BOTTOM LINE: Still expecting an upside resolution towards S&P 500 4,200-plus but binary risk-on into “debt ceiling”

To summarize this week:

  • equity markets stuck due to debt ceiling: S&P 500 down -1%
  • AI/tech gain more traction fundamentally: FAANG up +2.2%

We still believe equity markets will resolve higher, but the brinkmanship around the debt ceiling means a binary event supplants that longer term view. In other words, our full year view on equity markets remain constructive but we also have to recognize that stocks in the near term are governed by a binary event.

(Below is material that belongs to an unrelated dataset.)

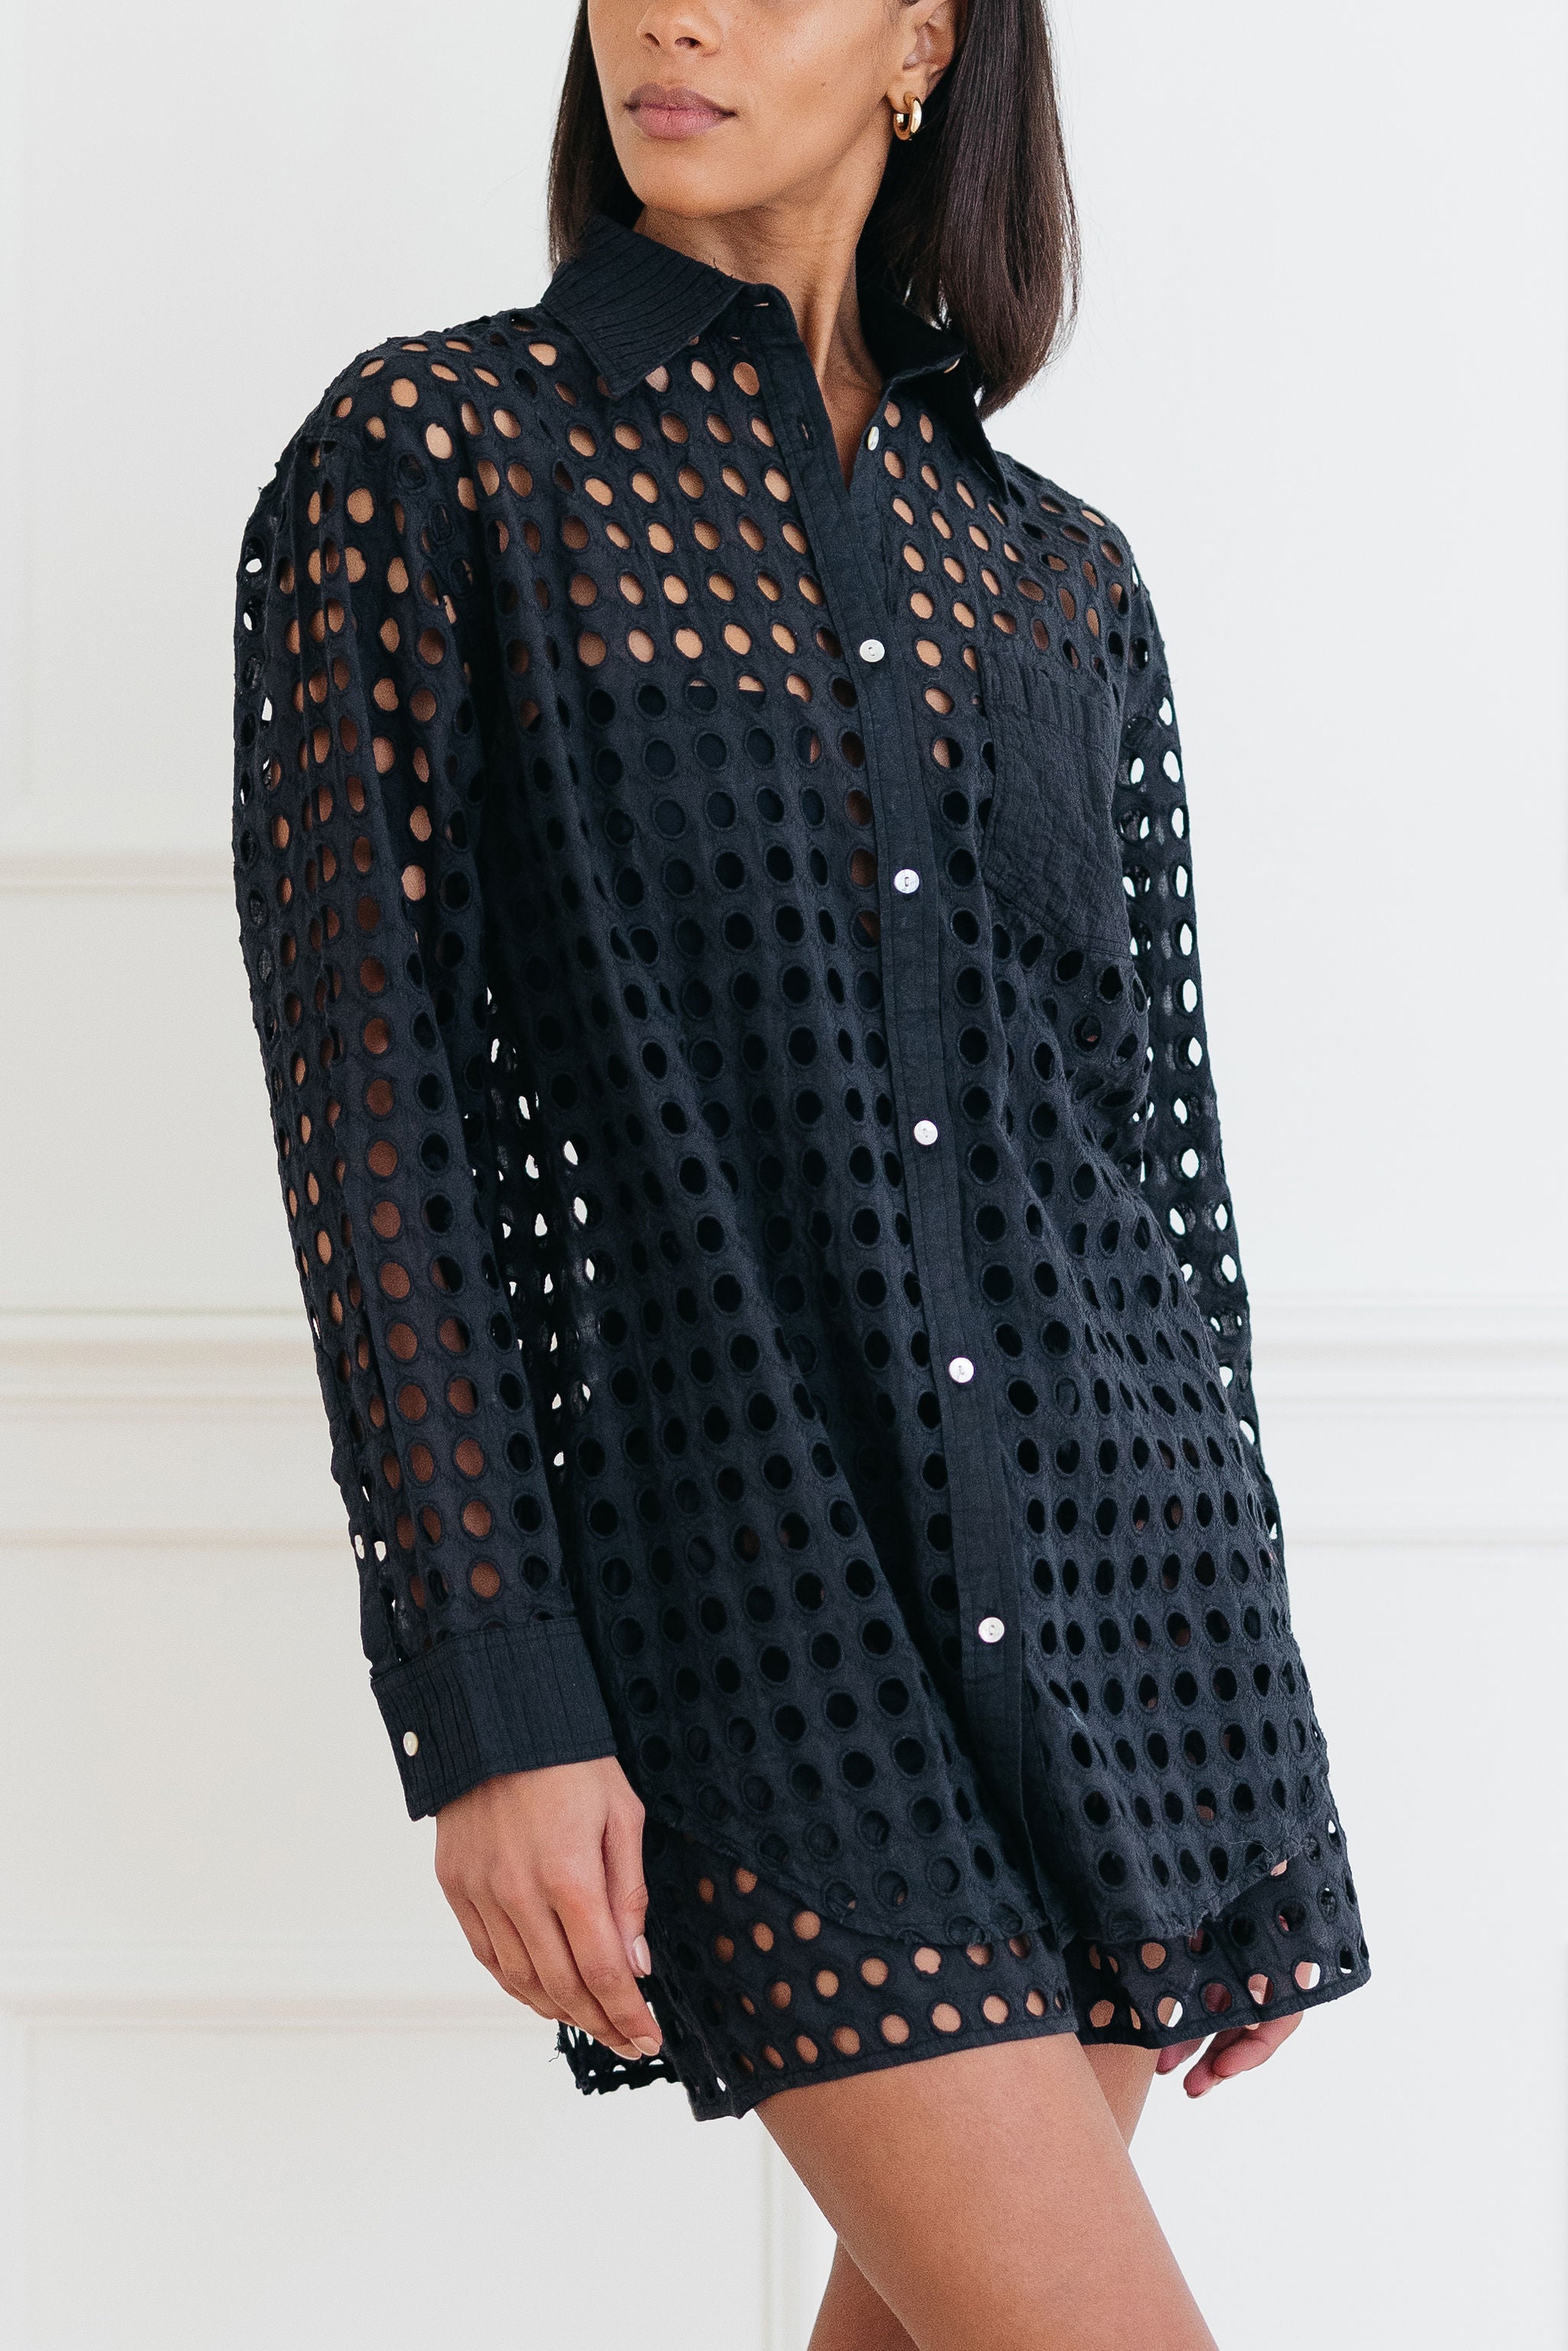 The Blackout Oxford Tunic

Our key recommendations remain:

  • We overweight FAANG/Tech, Industrials and Energy. Of these, only FAANG is leading and outperforming but as noted above, this is a validation of thematic investing in 2023.
  • We also recommend a tactical overweight of regional banks (KRE) as we see a temporary Fed put due to the stresses there. The tactical OW of Industrials suffered this week, but debt ceiling trumps ISMs.
  • We launched our Super Grannies this week (see report and replay), which are the tactically most appealing Grannies.
    – Fiserv (FISV)
    – Fortinet (FTNT)
    – Intuitive Surgical (ISRG)
    – Monster Beverage (MNST)
    – On Semiconductor (ON)
  • Our core stock list remains Granny Shots (34 stocks) driven by best of the best of 7 tactical/thematic portfolios (See below)

Have a restful Memorial Day weekend!!!

A week of market churning (-1%... debt ceiling) but triumph of thematic investing (FAANG/AI +2.2%).  Market breadth better than pundits argue as 142 stocks beating market (28%) YTD.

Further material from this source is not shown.